From: David Cemin [mailto:notifications@github.com] Sent: Tuesday, November 17, 2015 8:42 AM To: AVnu/Open-AVB Open-AVB@noreply.github.com Cc: Mann, Eric eric.mann@intel.com Subject: Re: [Open-AVB] mrpd - M_RP messages out of order (#322)

The suggestion I made on the first comment was just a test to prove the timer theory, and Im not willing to use that as a final solution.

Ok, im not gonna pretend that I fully understand this code because I don't :) Im running it in a linux machine, and as far as I can tell, it is a single threaded process.

on mrpd.c we essentially have 1) mrp, local_ctl, mmrp, mvrp and msrp init (on this order). The m_rp inits will initialize a socket for each one of the protocols. 2) create a pool of FDs with mmrp, mvrp, msrp fds and their timers 3) sit on a select waiting for a valid fd.

On the logs i posted above, I can see that the event that is triggering the msrp_send is the msrp join timer expiration (thats why I ended up just restarting the timer as a test to prove the timer theory). So i dont think i quite understood what you meant on your suggestion for the thread to wait between vlan and listener join requests. Could you explain it a little more please?

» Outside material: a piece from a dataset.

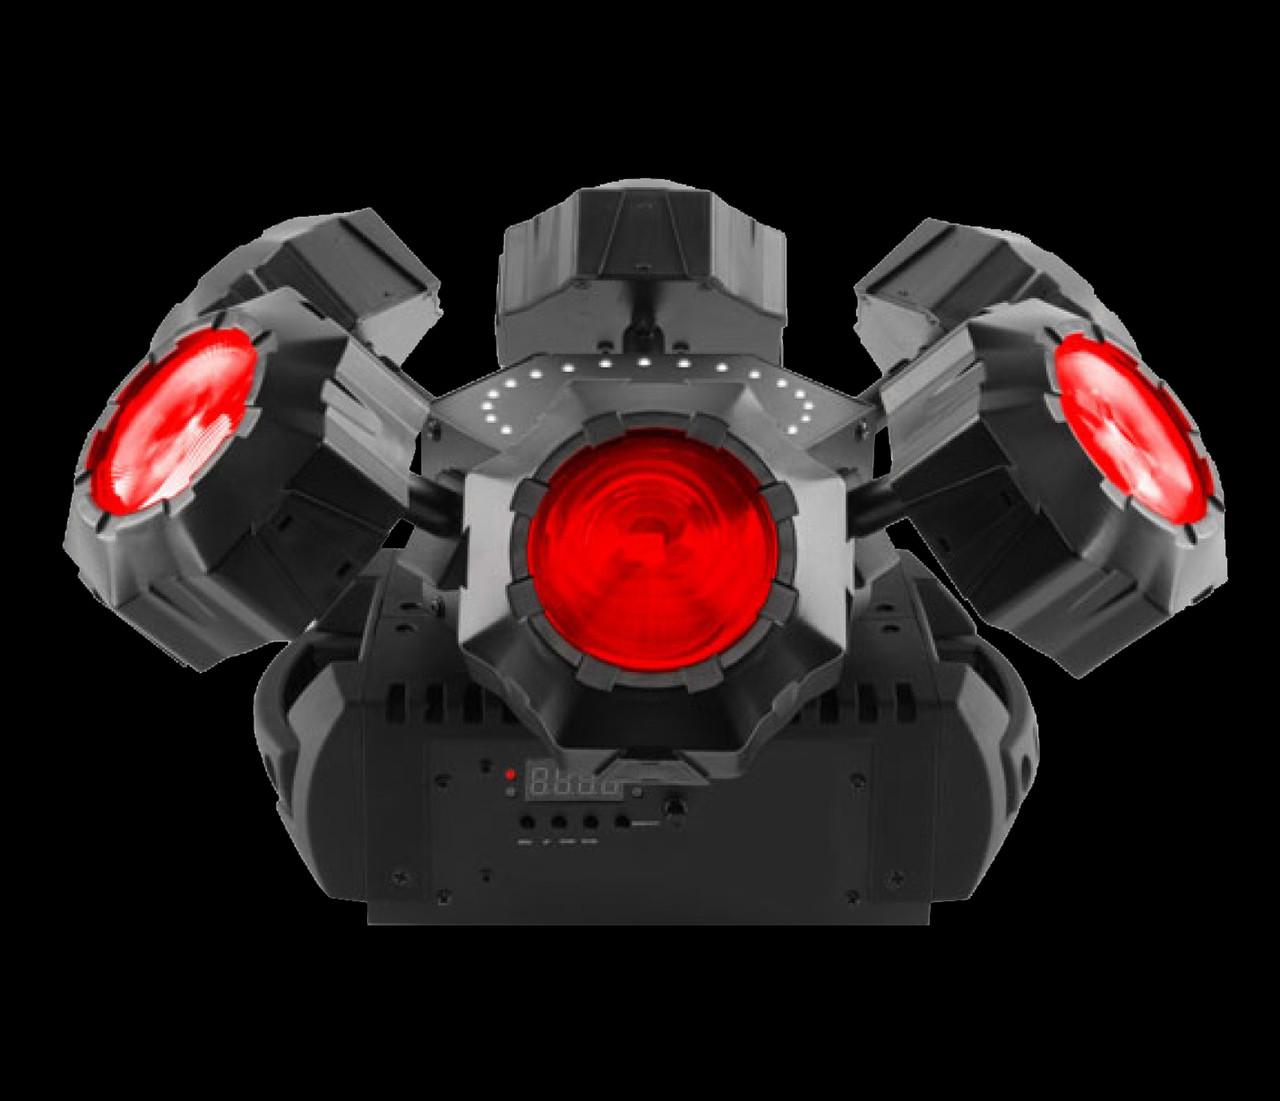 Chauvet DJ Helicopter Q6 Multi-effect DJ Light w/ Laser

I could just delay the msrp message on the client application(and so no changes on mrpd), but that might end up violating the 802.1Q section 10.7.11 requirements.

— Reply to this email directly or view it on GitHubhttps://github.com/AVnu/Open-AVB/issues/322#issuecomment-157426351.

davidcemin commented 8 years ago

@andrew-elder Yes i do not think it is safe to restart the join timer when the NEW is received. Again, this was just a test to prove my theory of timer expiration triggering the messages going to the wire. So, you solved this on the client application right? I found that 100ms is the minimum wait time that makes the meessages go out in the right order.

davidcemin commented 8 years ago

@intel-ethernet Thank you.

andrew-elder commented 8 years ago

@davidcemin - MRP timeouts are in mrp.h / * Join timer may only "fire" 3 times in 300 msec. Default timeout is 200 msec. \ Here we use 100 msec, or 300/3 msec. _/

define MRP_JOINTIMERVAL 100 / join timeout in msec _/

#define MRP_LVTIMER_VAL     1000    /_ leave timeout in msec _/
#define MRP_LVATIMER_VAL    10000   /_ leaveall timeout in msec _/
#define MRP_PERIODTIMER_VAL 1000    /_ periodic timeout in msec */
andrew-elder commented 8 years ago

Another possible longer term (more difficult) solution might be to have a single join timer that works across all MRP applications...

davidcemin commented 8 years ago

Thank you all, i think my initial question is already answered and im closing this issue.